The general prohibition on “disproportionate” data sharing set out in § 23 no. 1 BVerfSchG does not cure these deficiencies. Despite the fact that the constitutional requirements for data sharing have been articulated in constitutional case-law in the years following the enactment of the law, the general prohibition in § 23 no. 1 BVerfSchG, at least when considered together with the obligation to share data set out in § 20(1) first sentence BVerfSchG, does not provide for a balancing process in which it can be ensured that data sharing will only occur in those cases where the necessary constitutional requirements are met.

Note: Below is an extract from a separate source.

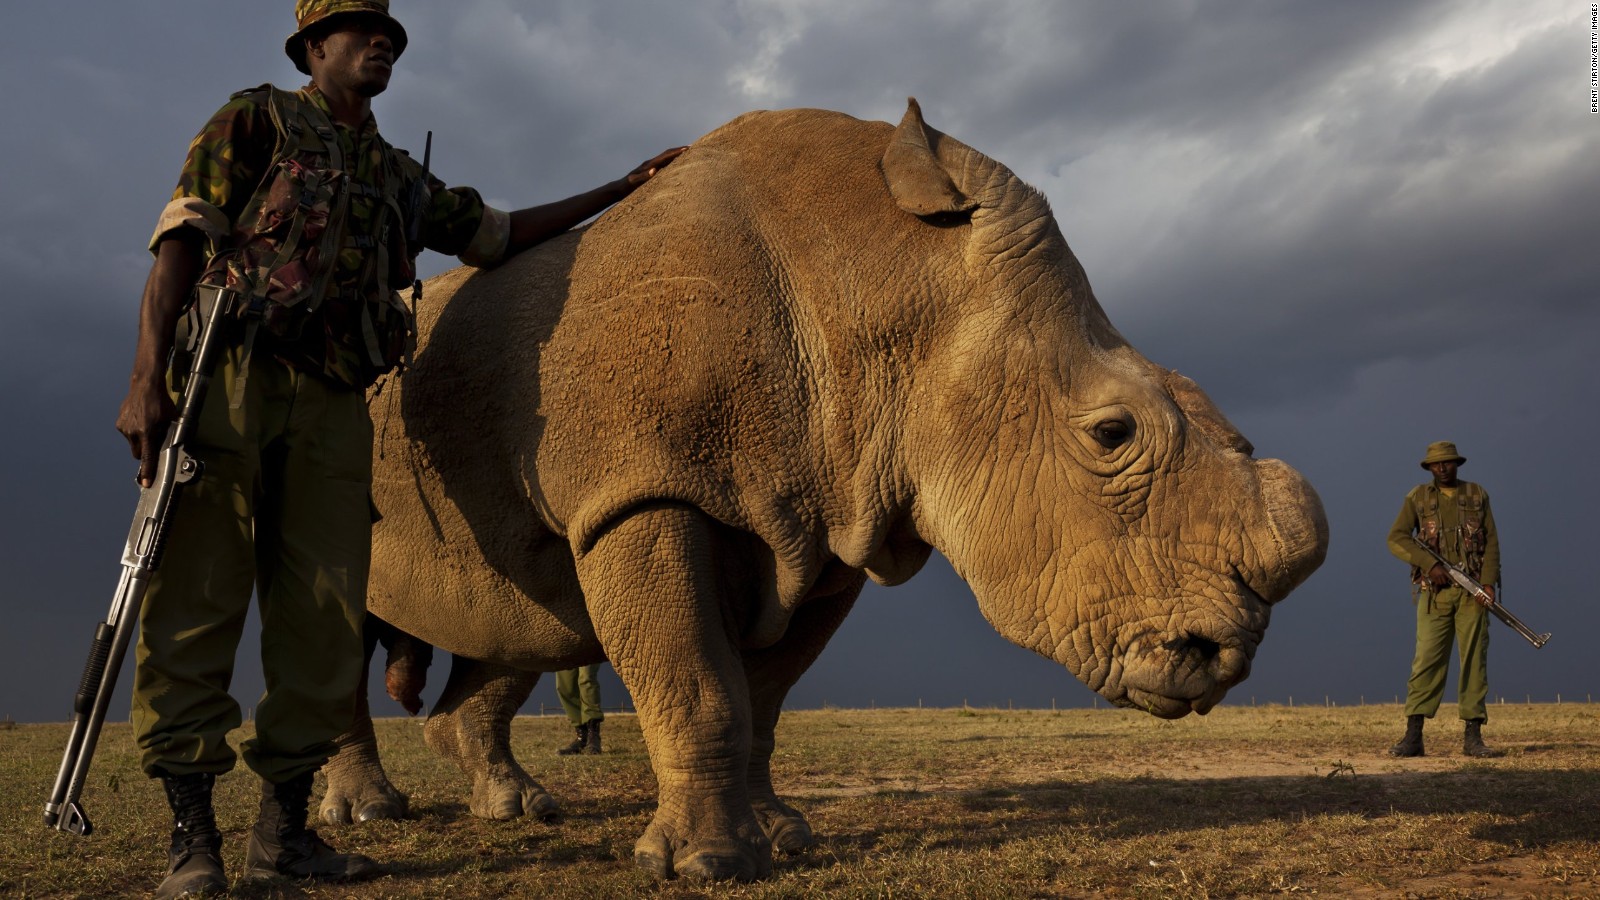 Sudan, Kenya's last Rhino who was 45, lived at the Ol Pejeta Conservancy in Kenya died last year. The species is now extinct due the Chinese demand for Rhino horn.
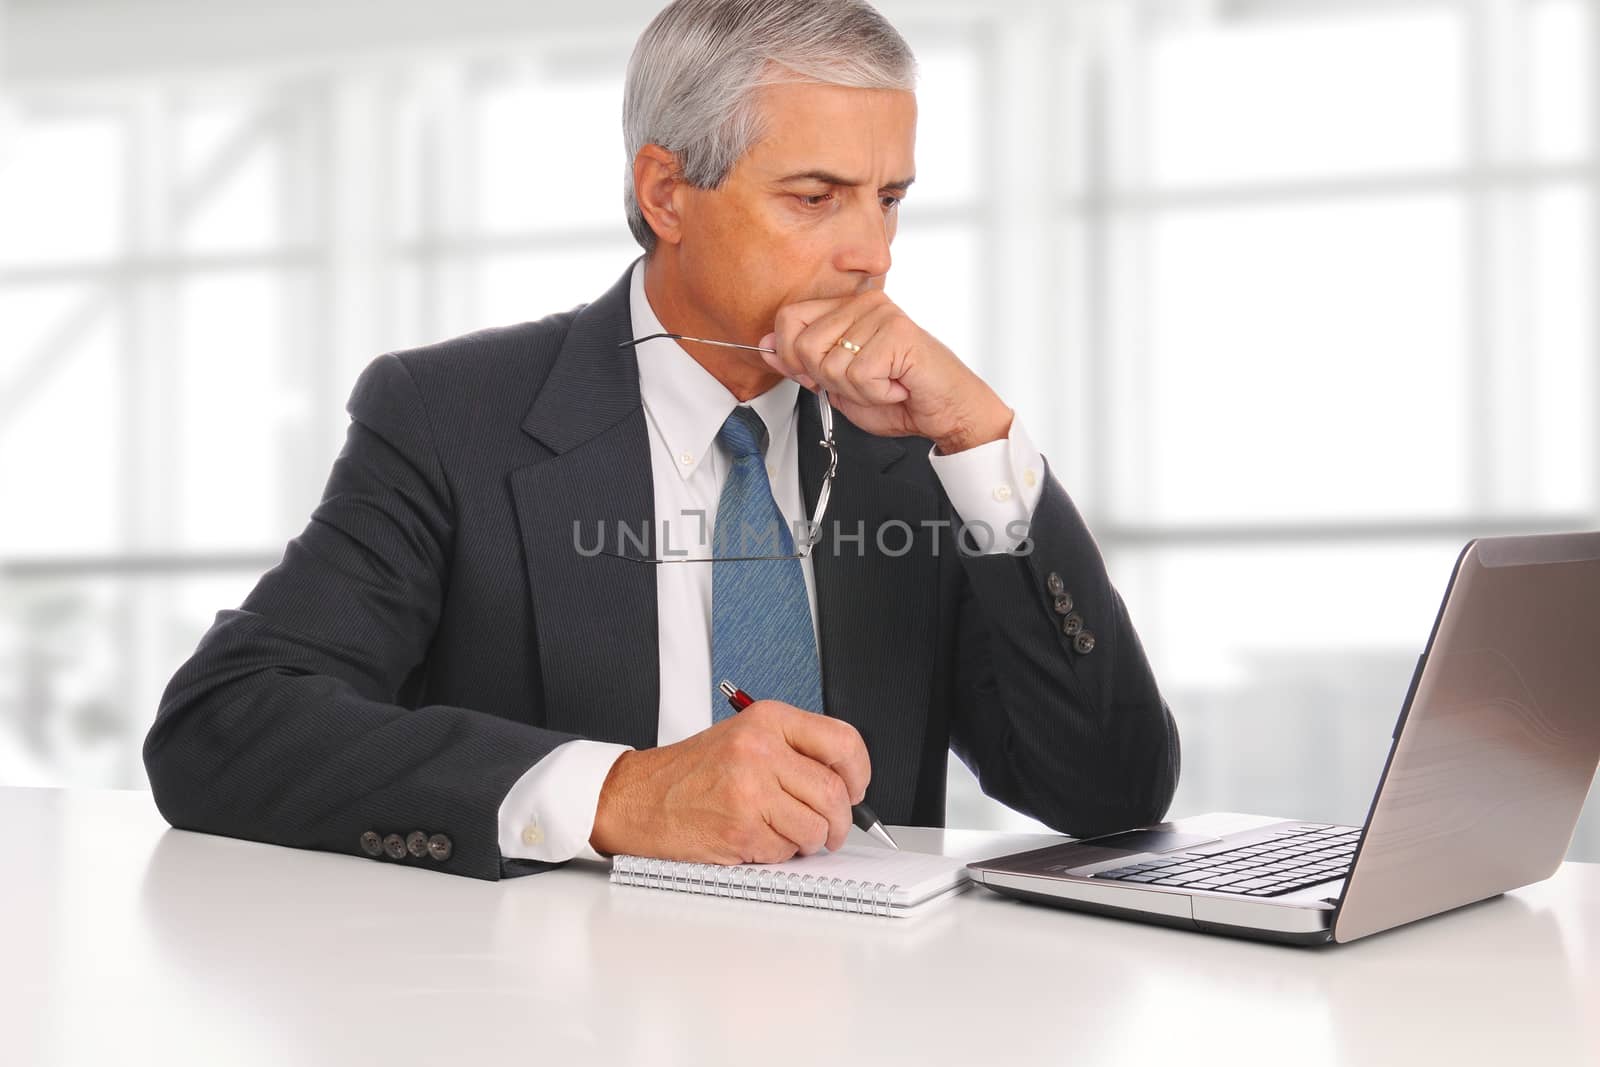 Mature businessman seated at his desk in a modern office building. In front of him is a laptop and note pad. The man is deep in thought.

The constitutionally required threshold for data sharing is also lacking. The challenged provisions authorise data sharing when there are factual indications that it is necessary for the prevention or prosecution of offences against state security. They thus allow data sharing independent of a sufficiently identifiable danger or factual indications giving rise to a suspicion.

3. Finally, the provisions do not contain sufficiently specific obligations to document the data sharing and to specify the statutory basis for data sharing, as is required under constitutional law.